Annuity sales through U.S. banks fell to historic lows in January, then bounced back to a six-month high in February, according to the Kehrer-LIMRA Monthly Bank Annuity Sales Survey.
Both fixed and variable annuities saw double-digit declines at the start of the year, with fixed annuities hitting a five-year low at just over $1 billion in monthly sales in January, the lowest monthly sales level since February 2007. Variable sales didn’t fare much better, dropping to their lowest level since January 2011.
Total sales fell 13 percent to $2.3 billion in January from December 2011, then rose 30 percent to hit $3 billion at the end of February for the first time since August 2011.

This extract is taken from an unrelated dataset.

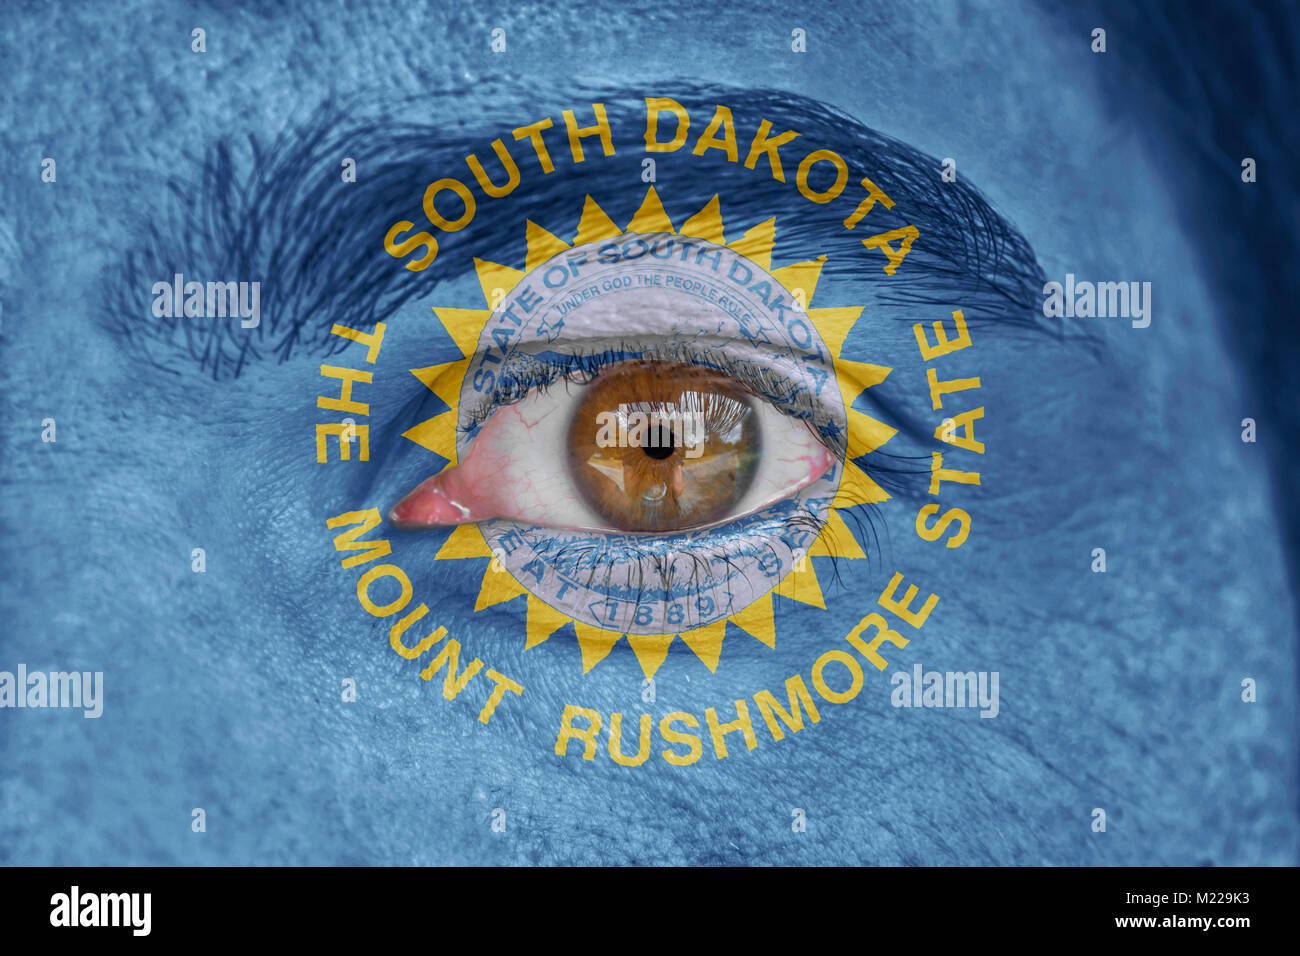 Human face and eye painted with US state flag of South Dakota Stock Photo

"We typically see this pattern at the start of the year. January sales numbers have come in between 3 and 25 percent below December for as long as we’ve been tracking sales on a monthly basis," Janet Cappelletti, associate research director at Windsor, Conn.-based Kehrer-LIMRA, said in a new release.
Variable annuity sales at financial institutions dropped 14 percent from December levels to $1.4 billion in January, then climbed to $1.8 billion in February.
After plummeting in January, bank-sold fixed annuities climbed 26 percent in February to $1.2 billion.
Mutual funds sold at financial institutions rose 32 percent in January to $5.1 billion. February sales leveled off at $4.9 billion.